Eric Salo wrote:
>1) Let's say that the shared buffer is very large. It looks to me like the
>entire buffer will always be sent to the receiver, even if we only modify a
>single word. On shared memory systems this is of course not an issue, but I
>don't think this is likely to be acceptable for NOWs.
The objective of communication in CDS1 is to get data which is accessible by
one process to be accessible by another. If one of those processes wants that
data in a particular place, it is up to the process to move it to or from that
spot. There are CDS1 primitives ("send" and "recv") which integrate the
movement with the transfer to allow for optimization, but there is *no*
capability in CDS1 for the producer to specify where the data should physically
appear in the consumer, or for a consumer to specify where the data should
come from in the producer, nor do I believe there should be. Such semantics
are directly contrary to information hiding principals.
So, to answer your specific question, the buffer (i.e. "region" in CDS1) *is*
the unit of transfer. If you want to transfer parts of a buffer, then you
make each part a separate buffer. Each CDS1 comm cell can hold one element of
an array, or an entire array, so the unit of transfer is up to the user.
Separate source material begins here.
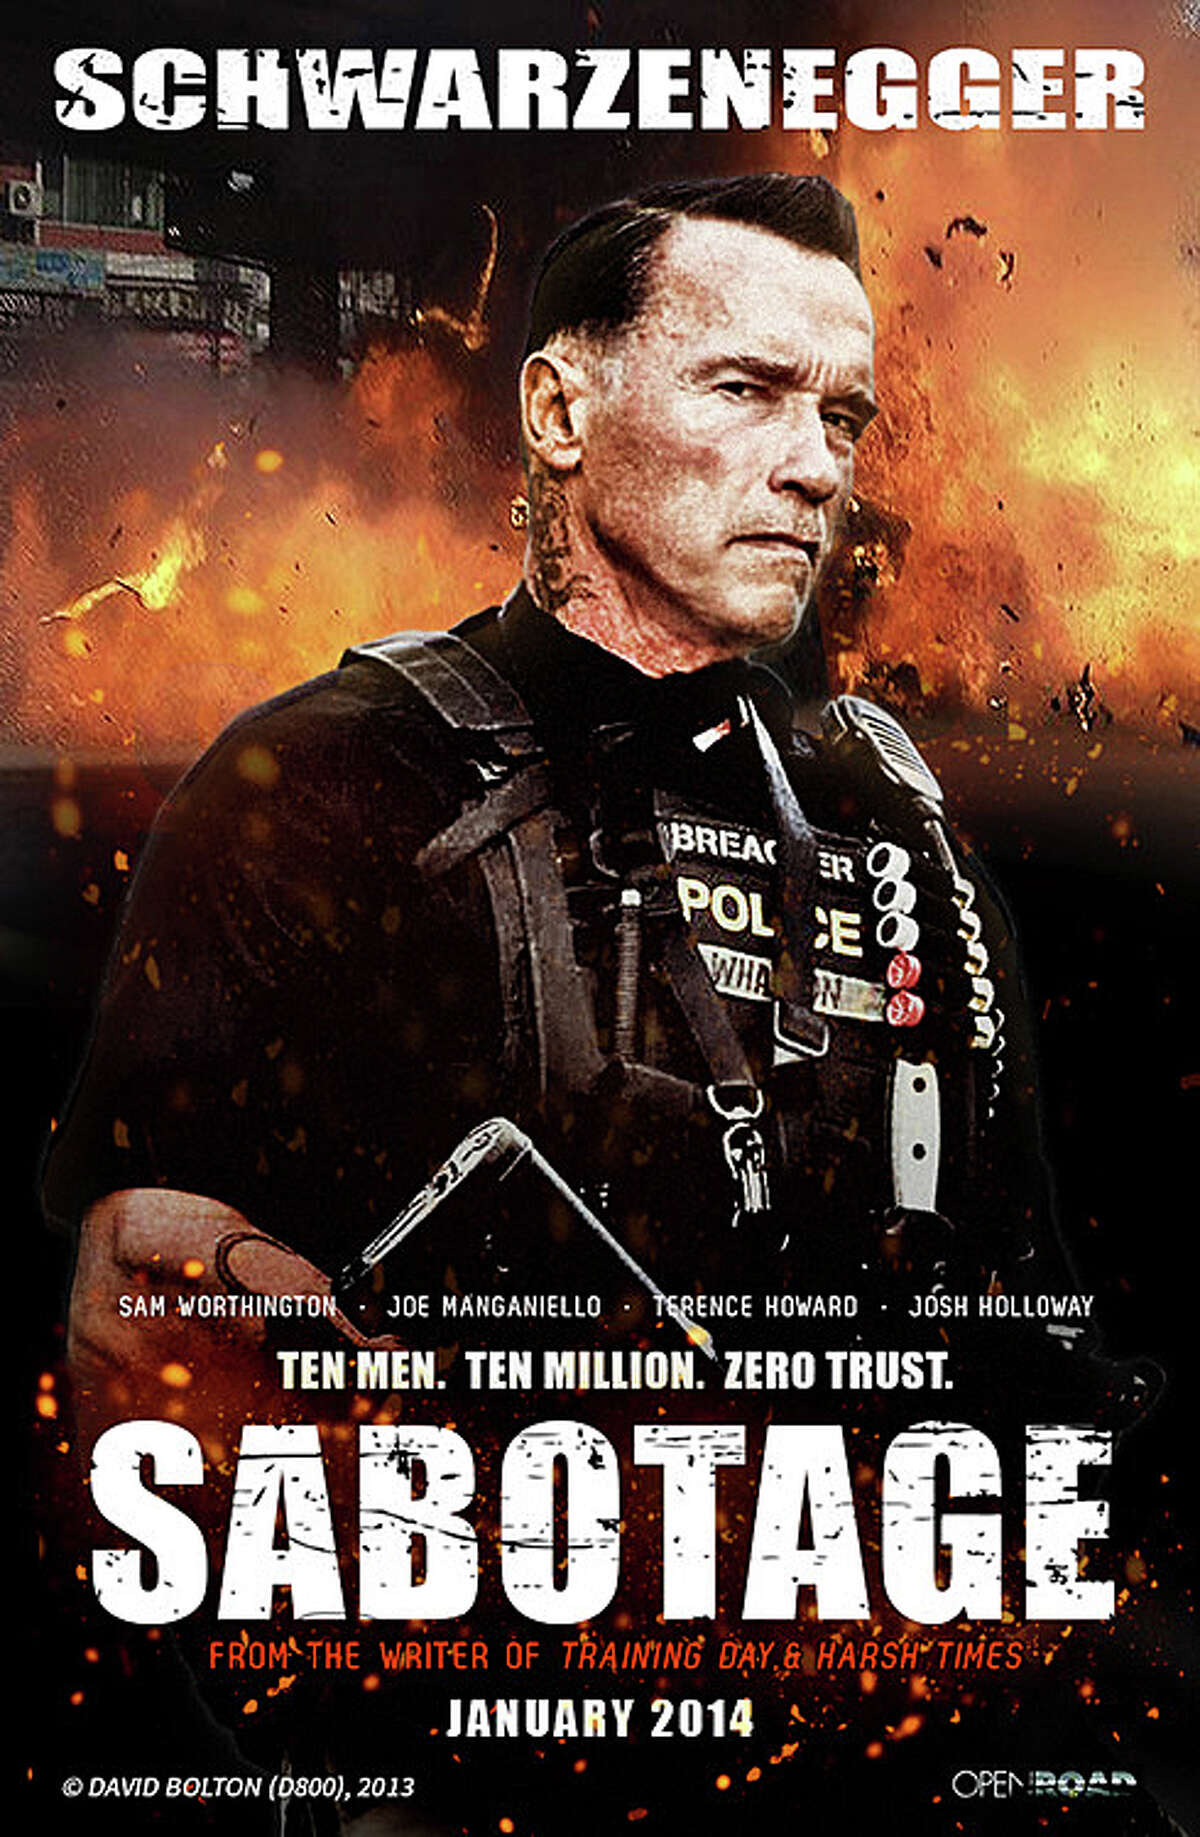 Arnold Schwarzenegger, in another post-gubernatorial film outing, is a DEA agent in "Sabotage" who is caught up in a brutal re-interpretation of an Agatha Christie mystery.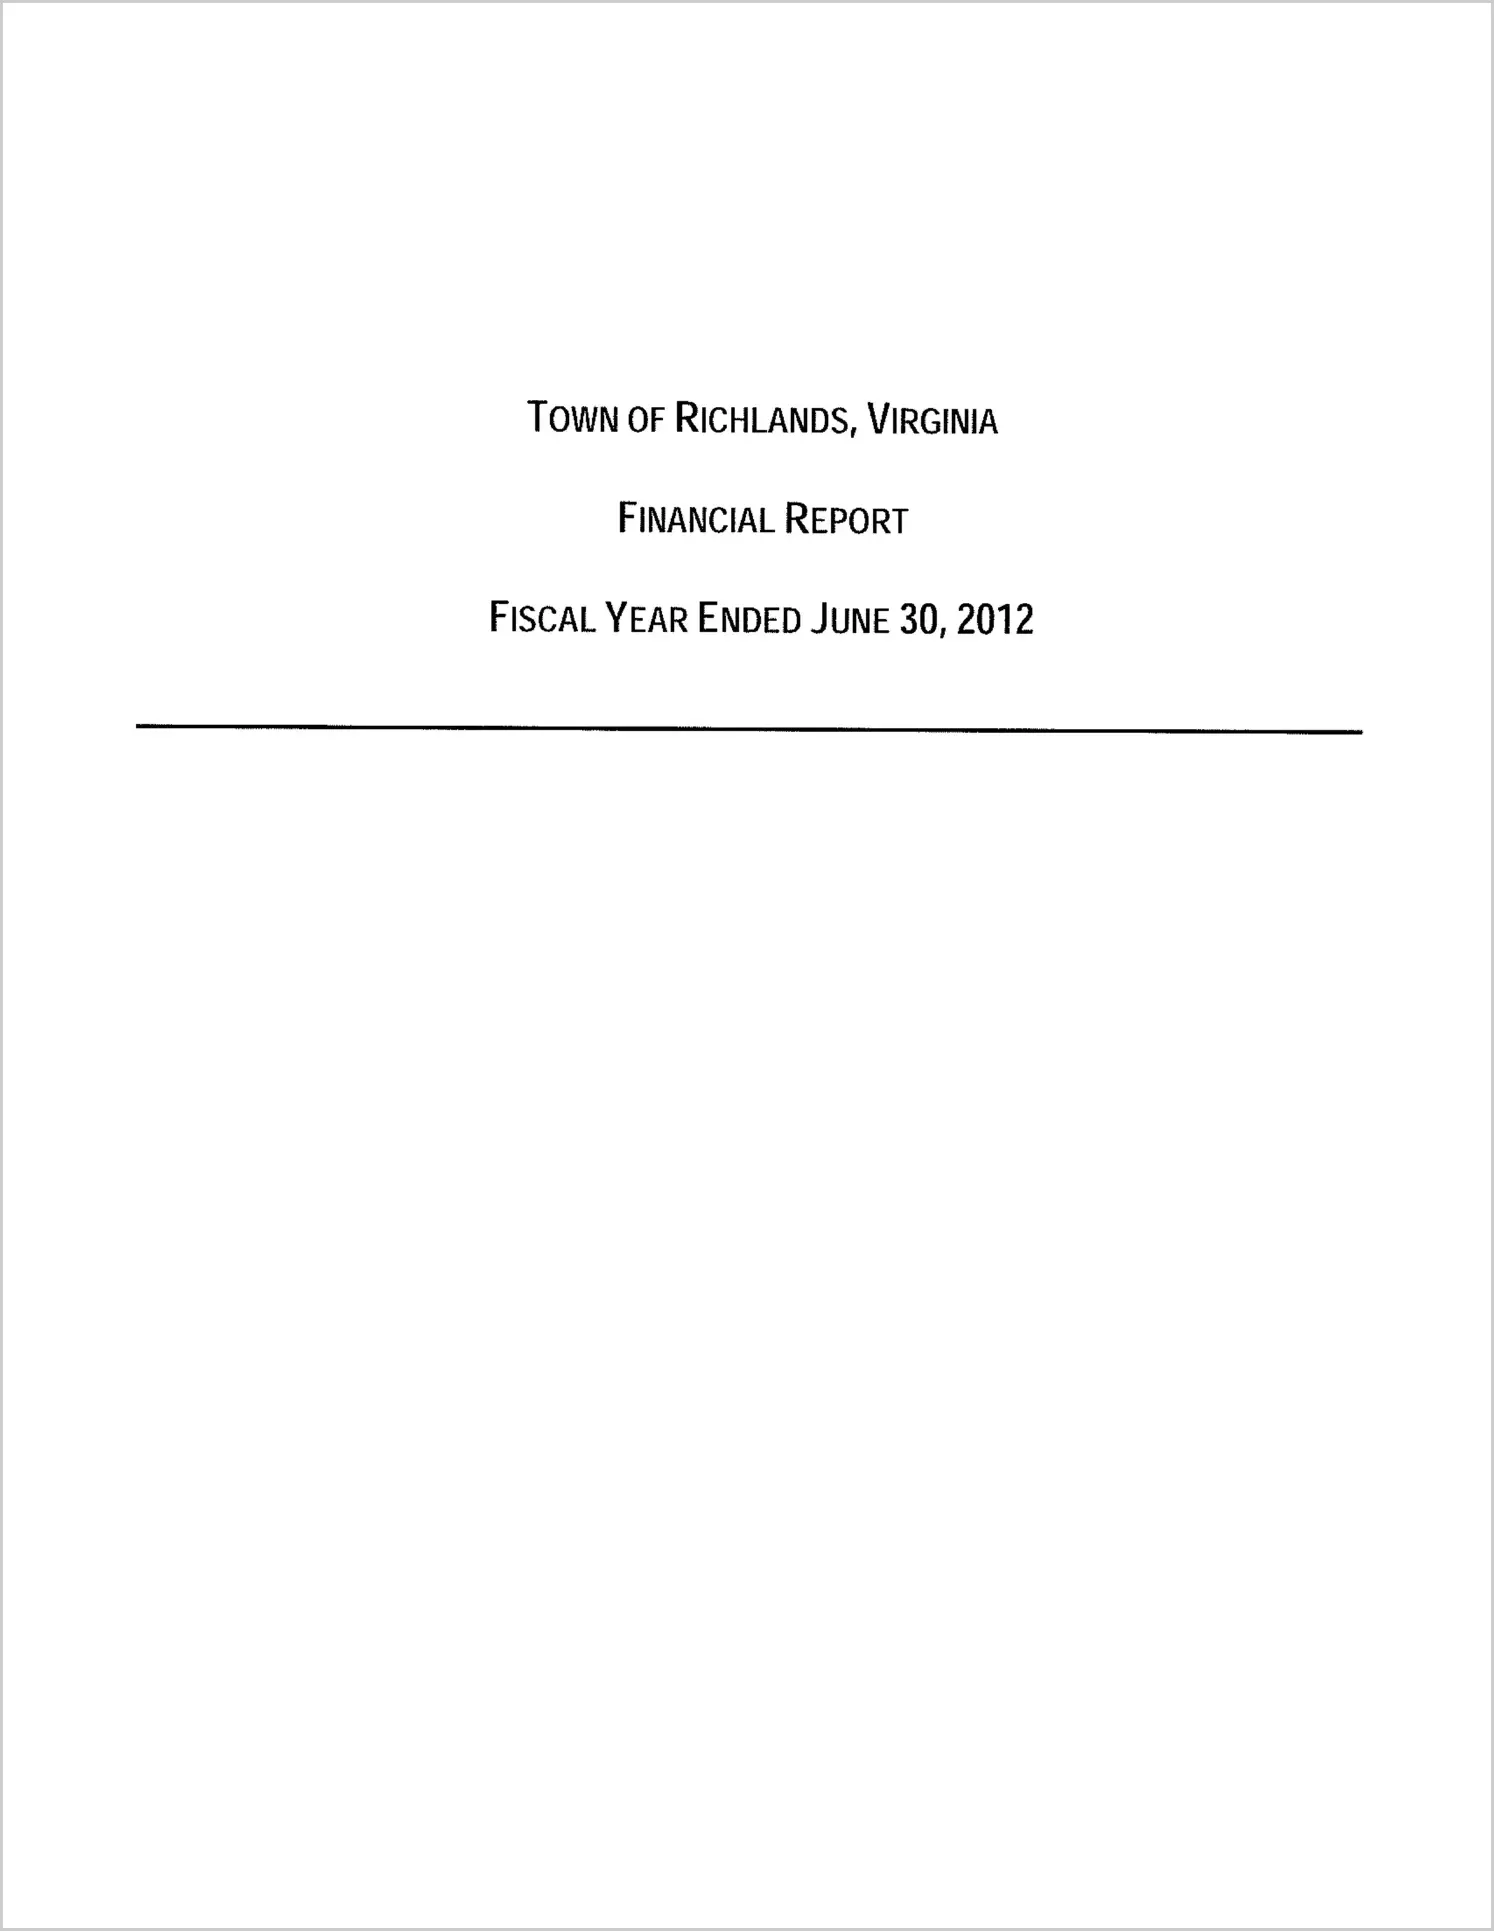 2012 Annual Financial Report for Town of Richlands

>2) Now let's say that the shared buffer is very small. Will the handshaking
>that is required between partners to obtain/free the buffer lock be a source of
>significant latency, and in general can it be masked by careful coding? I
>confess that I don't quite understand your sample implementation, but it seems
>logical that a consumer (for example) would need to receive first a message
>from the producer stating that the buffer was available, and then potentially a
>second message containing the new buffer contents. This might or might not be a
>significant source of delay, depending on how things are "reset" for the next
>transaction.
I don't know why you believe that more overhead would be needed than for
standard message passing. In fact, in CDS1, the buffer transfer is essentially
a ready send, because it is the user's responsibility to ensure that there is
room in the comm heap for any incoming region. (It sounds like the same could
be said of the NOAA system, since there is always a buffer there waiting for
the message.) In CDS1 (though perhaps not in the NOAA system), there is some
overhead required to allocate a region in the comm heap for the incoming
message.
>3) Limiting each buffer to a single sender and a single receiver seems very
>painful, although I can see how it simplifies implementations nicely. If we're
>going to try to simulate a true shared buffer it would be nice to be able to do
>it for an arbitrary set of readers and writers. (Just a small matter of design
>and implementation, right?)
CDS1 allows an arbitrary set of readers and writers.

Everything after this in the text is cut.